**Exercise**: Pictures in the data should be dropped; transcribe exactly the lines from the one that has "Man Mowing A Lawn: Stock Photos" through the one that has "Containeren hvor vi".

**Data shown**:

__________

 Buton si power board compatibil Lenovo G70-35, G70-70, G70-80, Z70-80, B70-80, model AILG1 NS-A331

__________

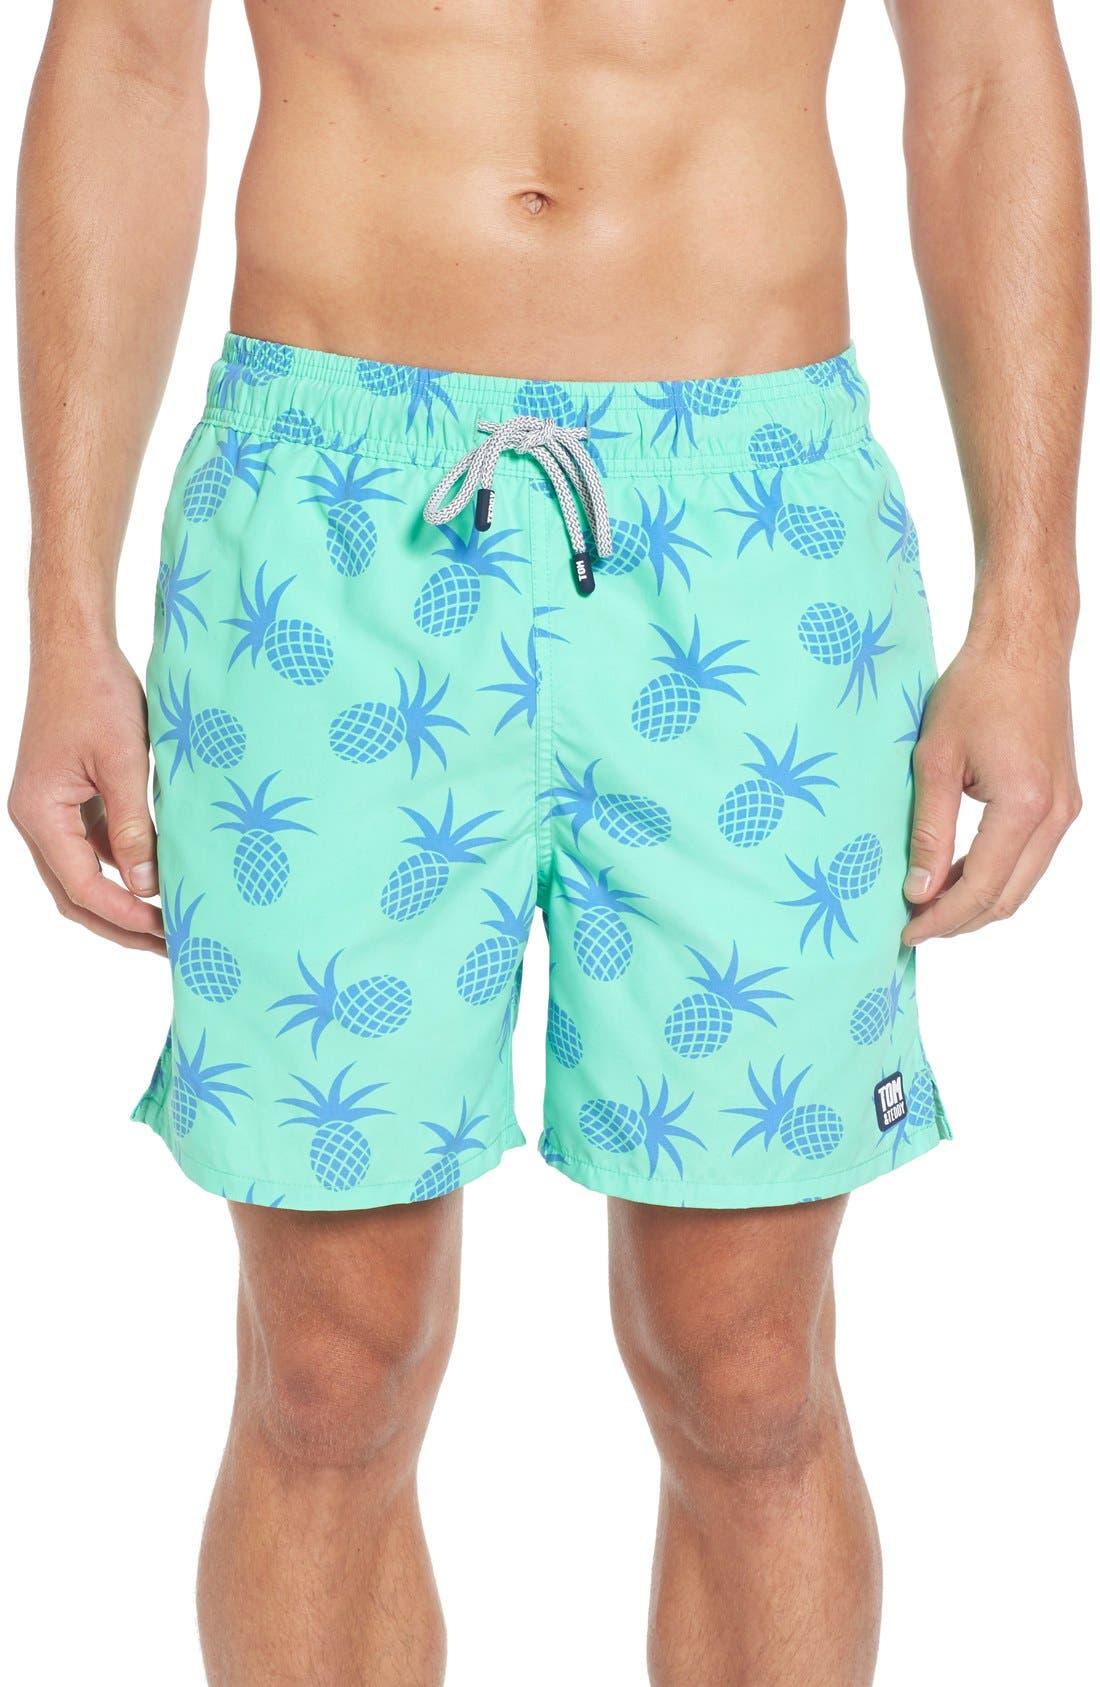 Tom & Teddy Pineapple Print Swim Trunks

__________

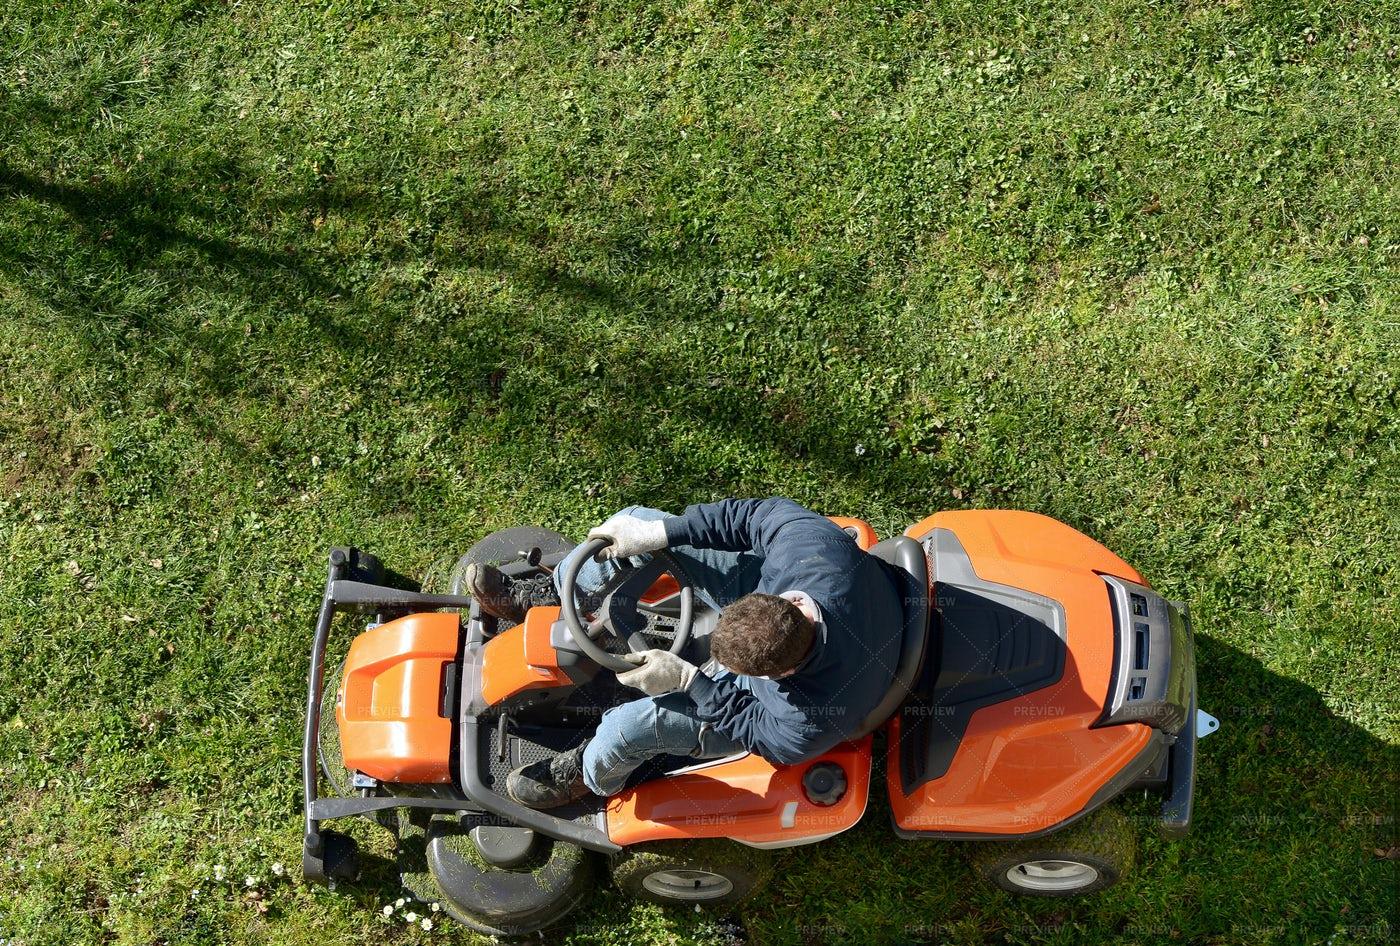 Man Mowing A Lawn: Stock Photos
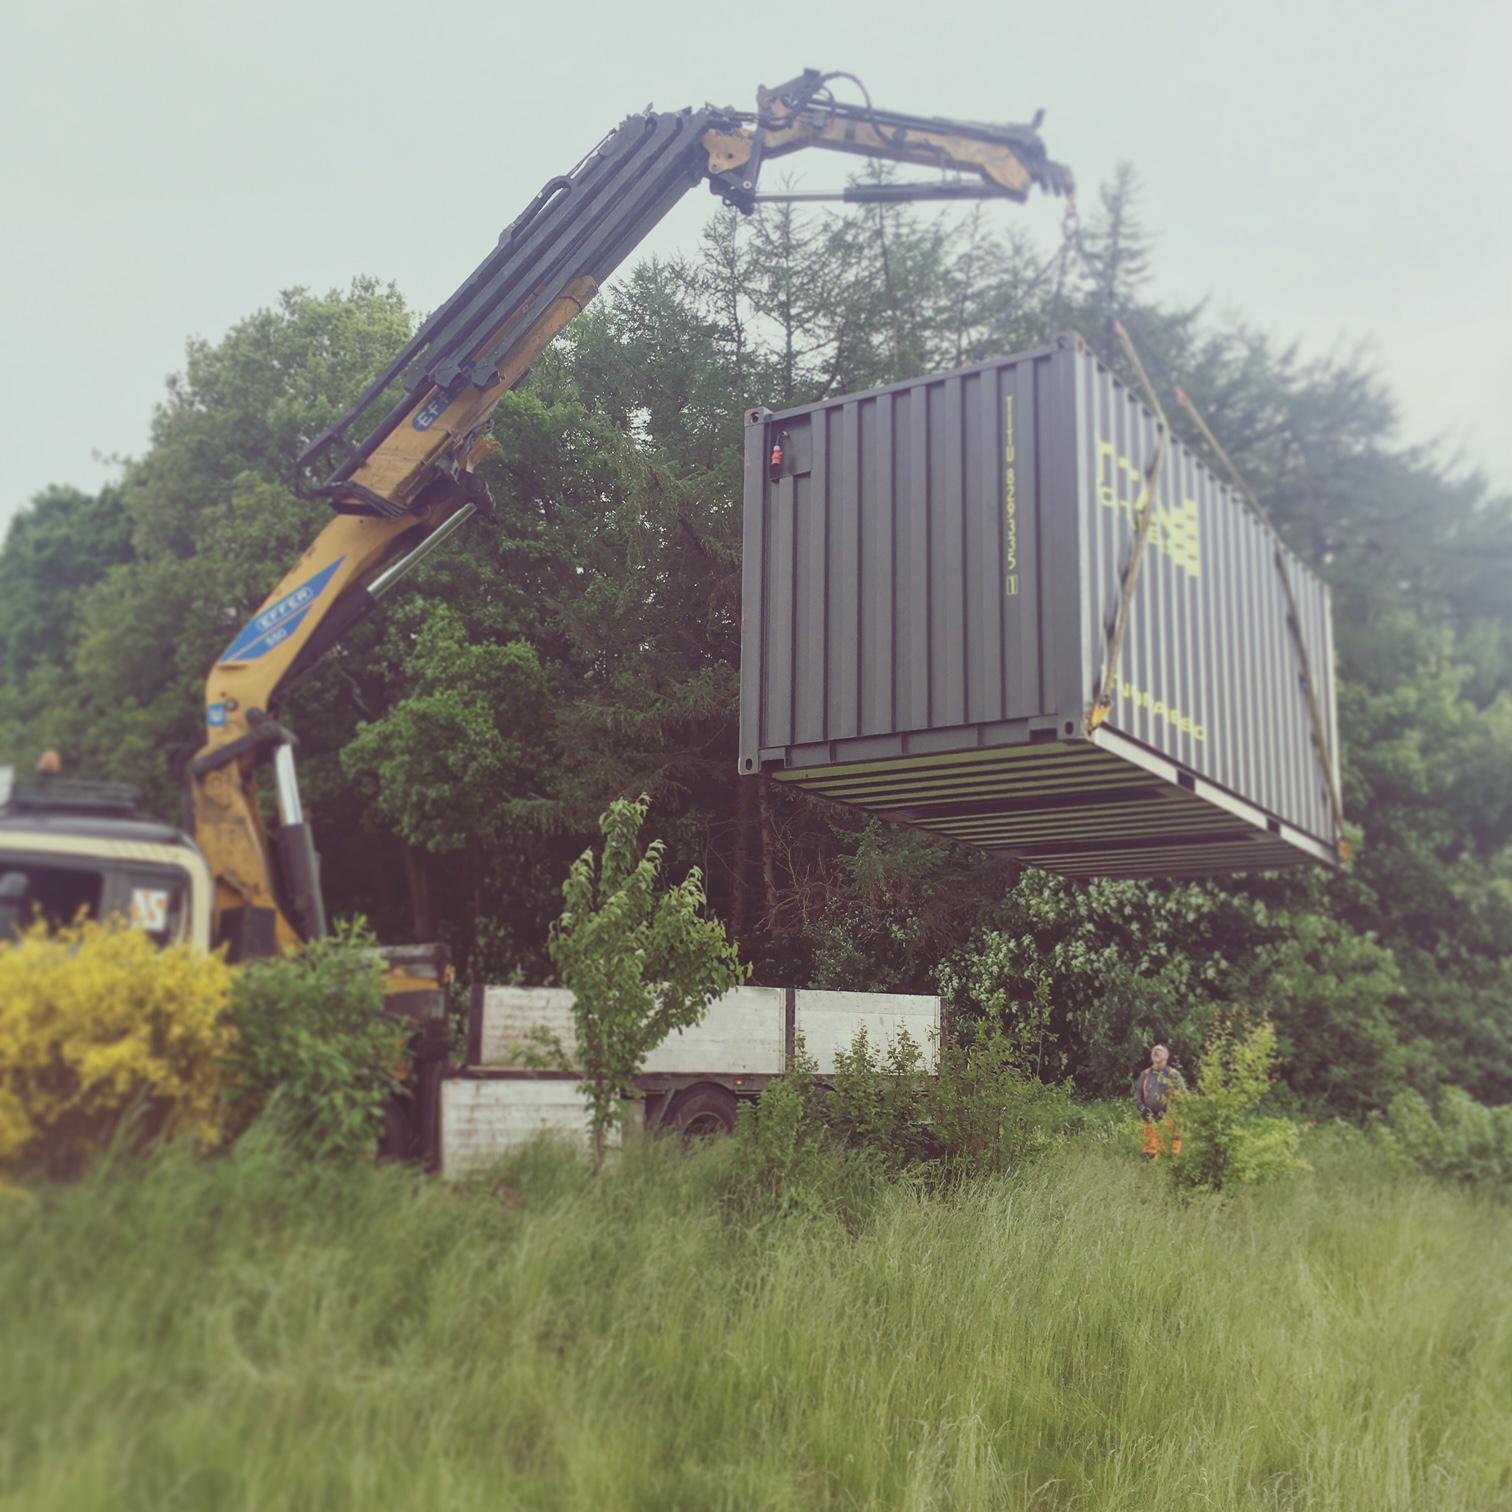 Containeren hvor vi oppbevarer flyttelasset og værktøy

__________

**Written response**:
 Man Mowing A Lawn: Stock Photos
 Containeren hvor vi oppbevarer flyttelasset og værktøy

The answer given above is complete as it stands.